Exercise goal
Each line from the one containing "East Carolina Gifts" to the end of the material below is to be restated exactly, with pictures skipped.

Data below
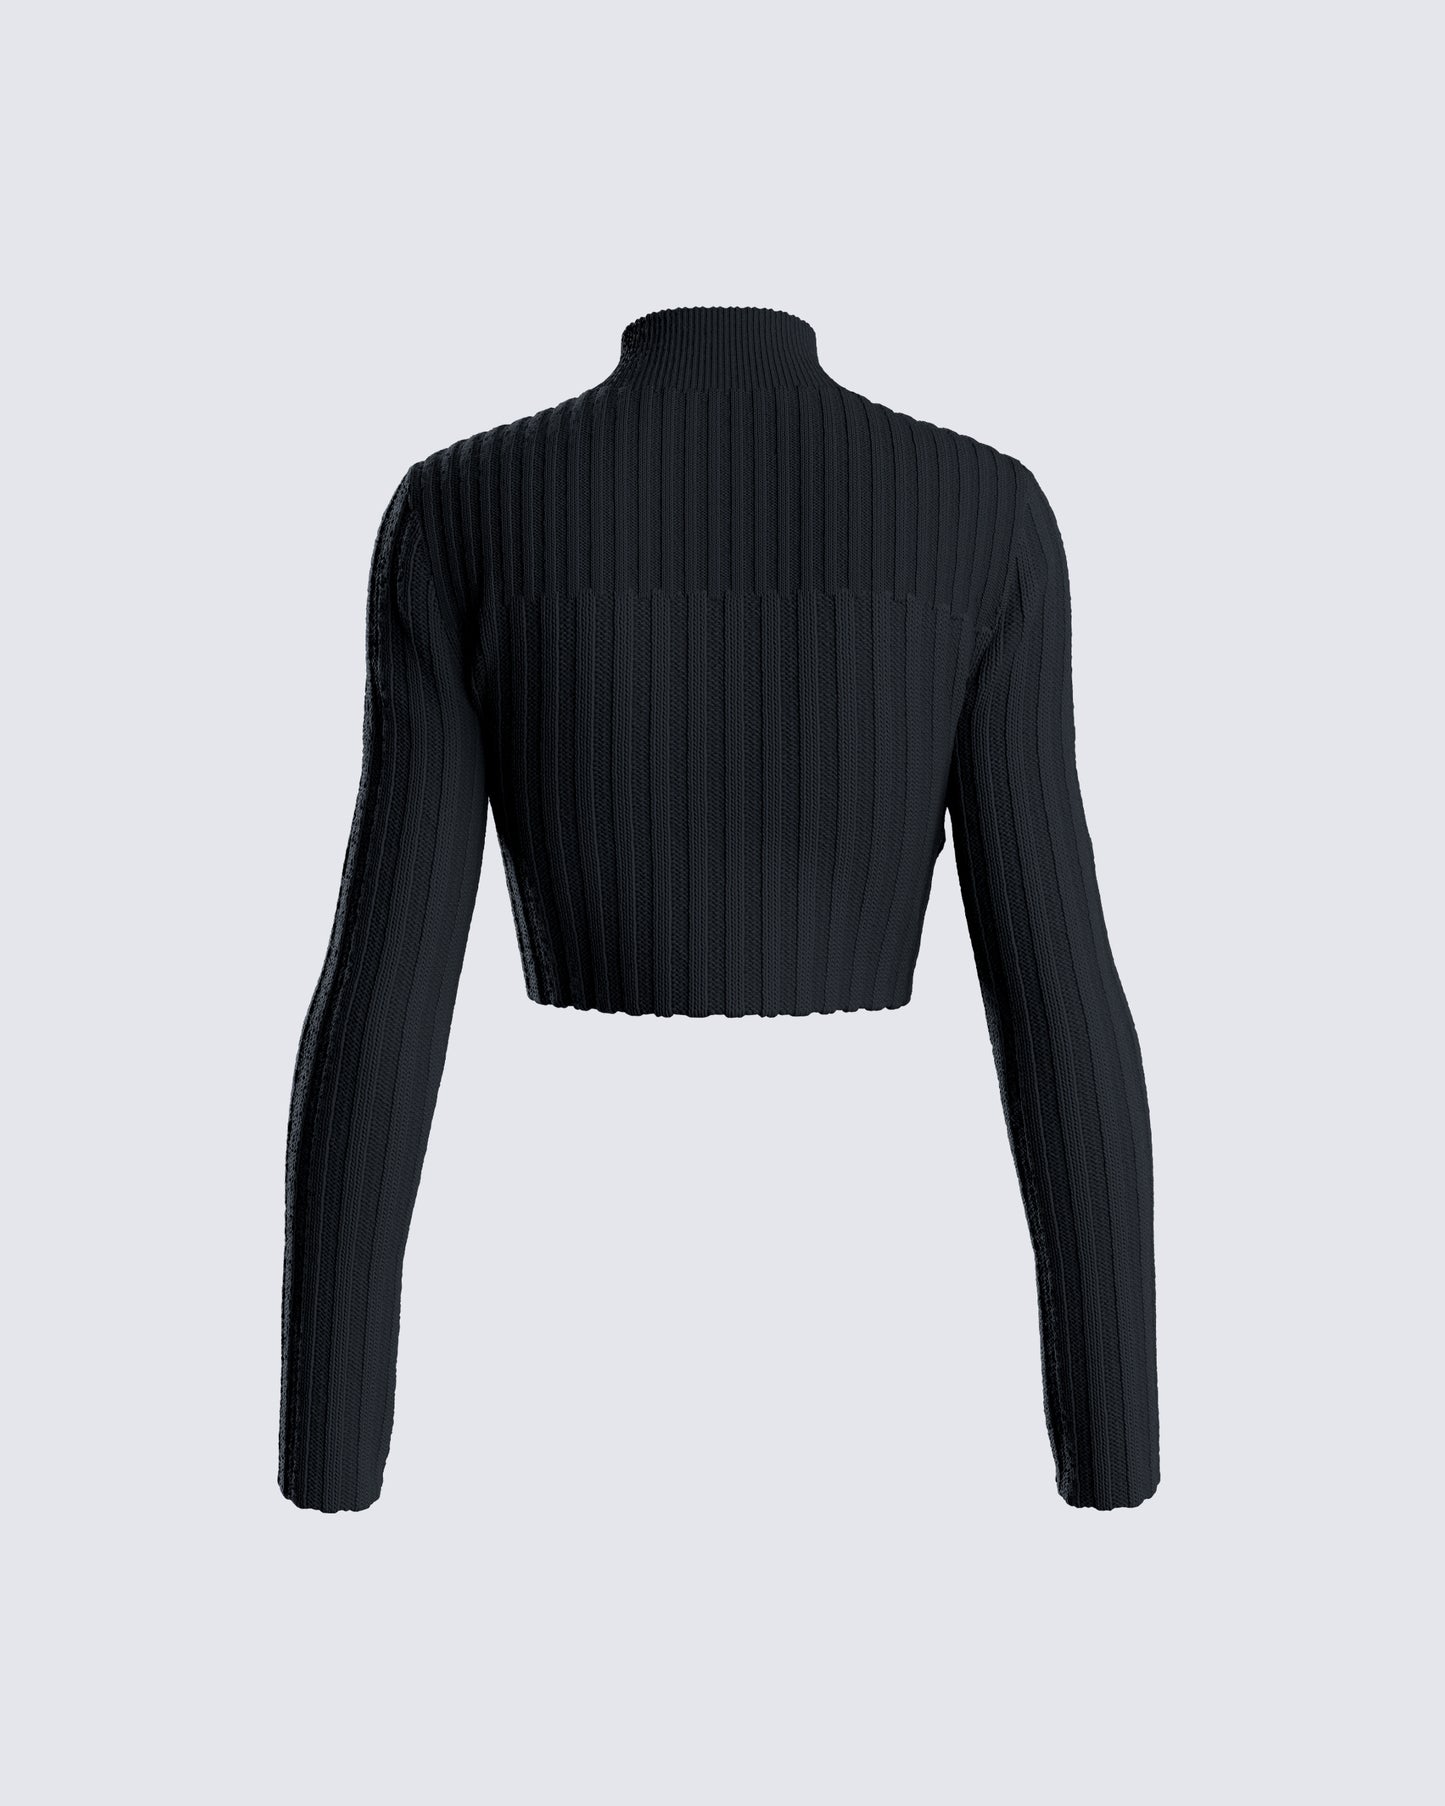 Travis Black Sweater Knit Top
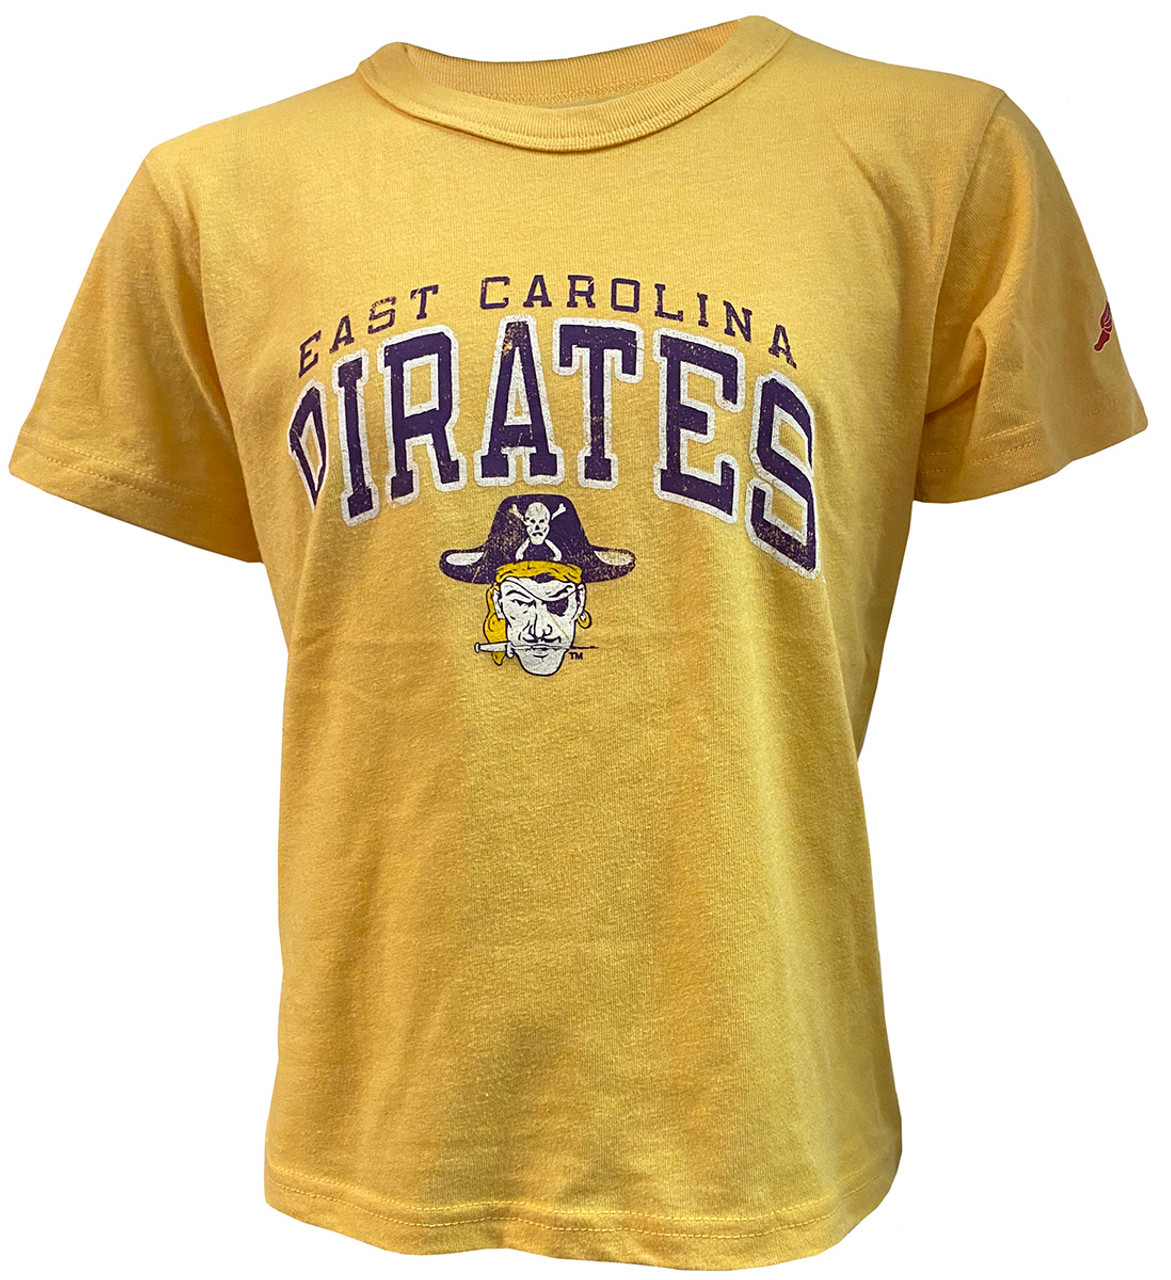 East Carolina Gifts & Apparel, ECU Pirates Football Gear, East
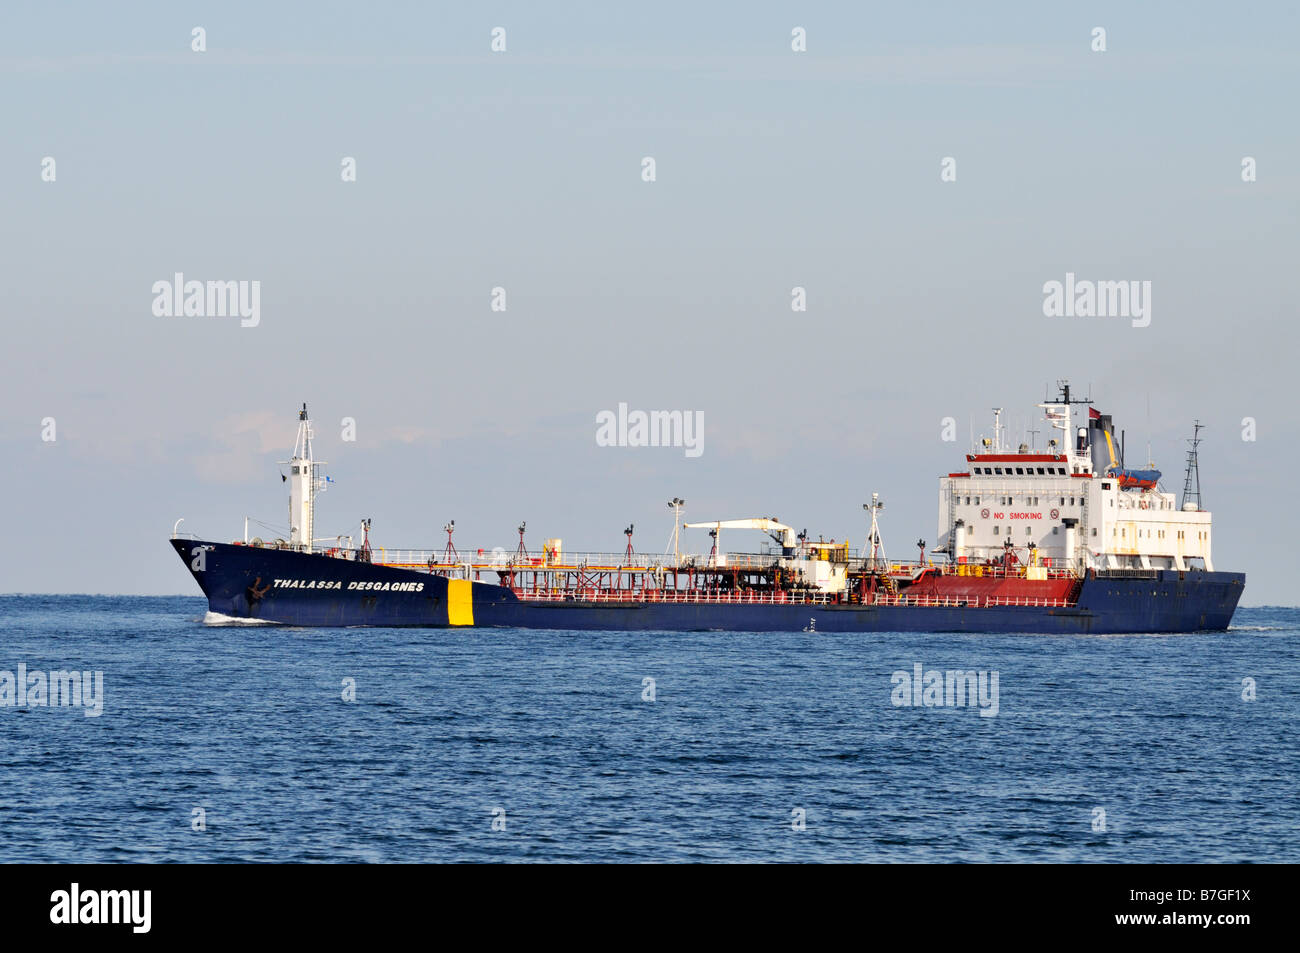 Oil tanker Thalassa Desgagnes out at Sea Stock Photo

Exercise result
 East Carolina Gifts & Apparel, ECU Pirates Football Gear, East
 Oil tanker Thalassa Desgagnes out at Sea Stock Photo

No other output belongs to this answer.